Environmental influences on drop size / contact angle relationship
Over the years a number of studies have attempted to determine the relationship between environmental factors and the drop size / contact angle relationship. Good and Koo1, for example, concluded that in general the contact angle decreased as the drop diameter decreased -- at least with water and ethylene glycol. With n-decane, however, there was no change. In their study, temperature was ambient while the gas phase was air-saturated vapor.

In a separate study Ponter and Boyes2 examined the contact angles and drop diameters of water and benzine on copper and Teflon solids. Interestingly their results reflect an opposing phenomenon: as the drop diameter decreased, the contact angle increased. In their experiments the gaseous phase was a pure vapor at the boiling point over a range of pressures.

In an attempt to understand the reason for these opposing conclusions, it's beneficial to look at some environmental factors to better understand their influences on the contact angle as the drop size changes. Some have concluded that the decrease in contact angle as the drop volume and drop diameter increase can be explained as a function of increased gravitational forces. Good and Koo1 refuted this theory.

Bernet and Zisman3 studied the effects of relative humidity (RH) on critical surface tension. They found that extreme changes in RH, from 1% to 95% had some impact on the contact angle of water on a dozen different metals. They observed as RH increased the contact angle would increase, the rate of spreading would decrease, and the critical surface tension would decrease.

Ponter and Yekta-Fard4 attempted to better understand the effects of humidity, pressure, temperature, and a change in the gas phase on the drop size / contact angle relationship. They measured contact angles of water on Teflon, copper, stainless steel, and PMMA as well as n-decane on Teflon -- all with a range of drop sizes. Measurements were taken at 25° C in an air or nitrogen-saturated atmosphere and then compared with measurements taken at boiling point. They observed a decrease in contact angle as the drop size decreased for water on Teflon and PMMA while noting an increase in contact angle as drop size decreased at the boiling point in a pure vapor atmosphere. This study indicates that the effect of the equilibrium spreading pressure at the solid-vapor interface may have an influence toward higher contact angles as the drop volume decreases.

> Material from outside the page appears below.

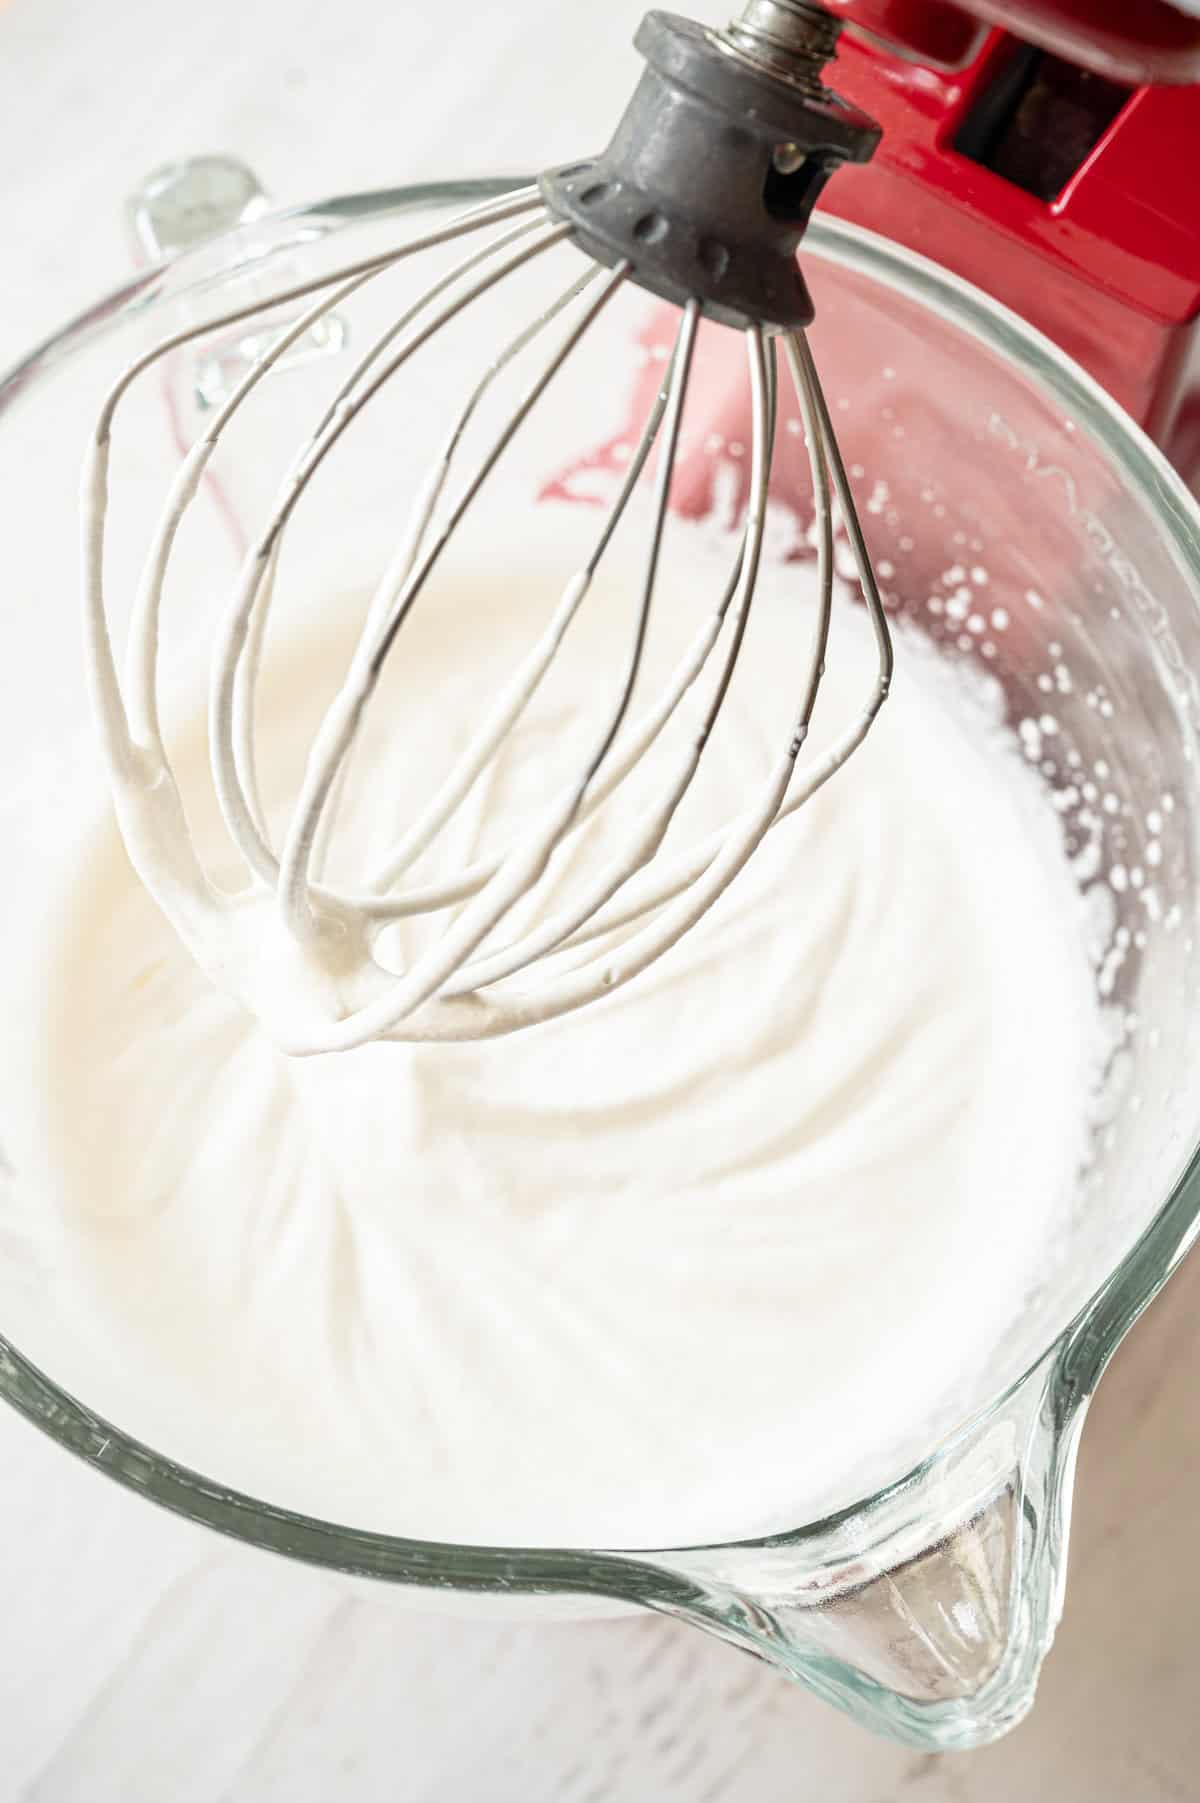 The beater of a mixer above a glass mixing bowl with fresh whipped cream.

1 Good RJ, Koo MN (1979), Journal of Colloid Interface Science, 71:283
2 Boyes AP, Ponter AB (1974), Journal of Chemical Engineering Japan, 7:314
3 Bernett MK, Zisman WA (1968), Journal of Colloid Interface Science, 28:243
4 Ponter AB, Yekta-Fard M (1985), Journal of Colloid & Polymer Science, 263:673-681

Tools of the Trade
It is worthy to point out that all of the above studies can be carried out using ramé-hart instruments and accessories. Contact angle can be measured using Models 100, 120, 200, 250, 300, and 500. Critical Surface Tension can be measured with Models 200 and up. Studies conducted in a humidity and temperature controlled environment can be accomplished with Model 300 or 500 and our optional Environmental Chamber with Humidity (p/n 100-07-H). Captive bubble studies can be accomplished with Model 200 and up and the optional Environmental Fixture (p/n 100-07-60) at ambient temperatures or with our Environmental Chamber (p/n 100-07), Quartz Cell (p/n 100-07-50), and Proportional Temperature Controller (100-50) in temperature controlled environments up to 300° C. Advancing and receding studies can be carried out very precisely with Model 250 or 500 and our Automated Dispensing System (p/n 100-22-100).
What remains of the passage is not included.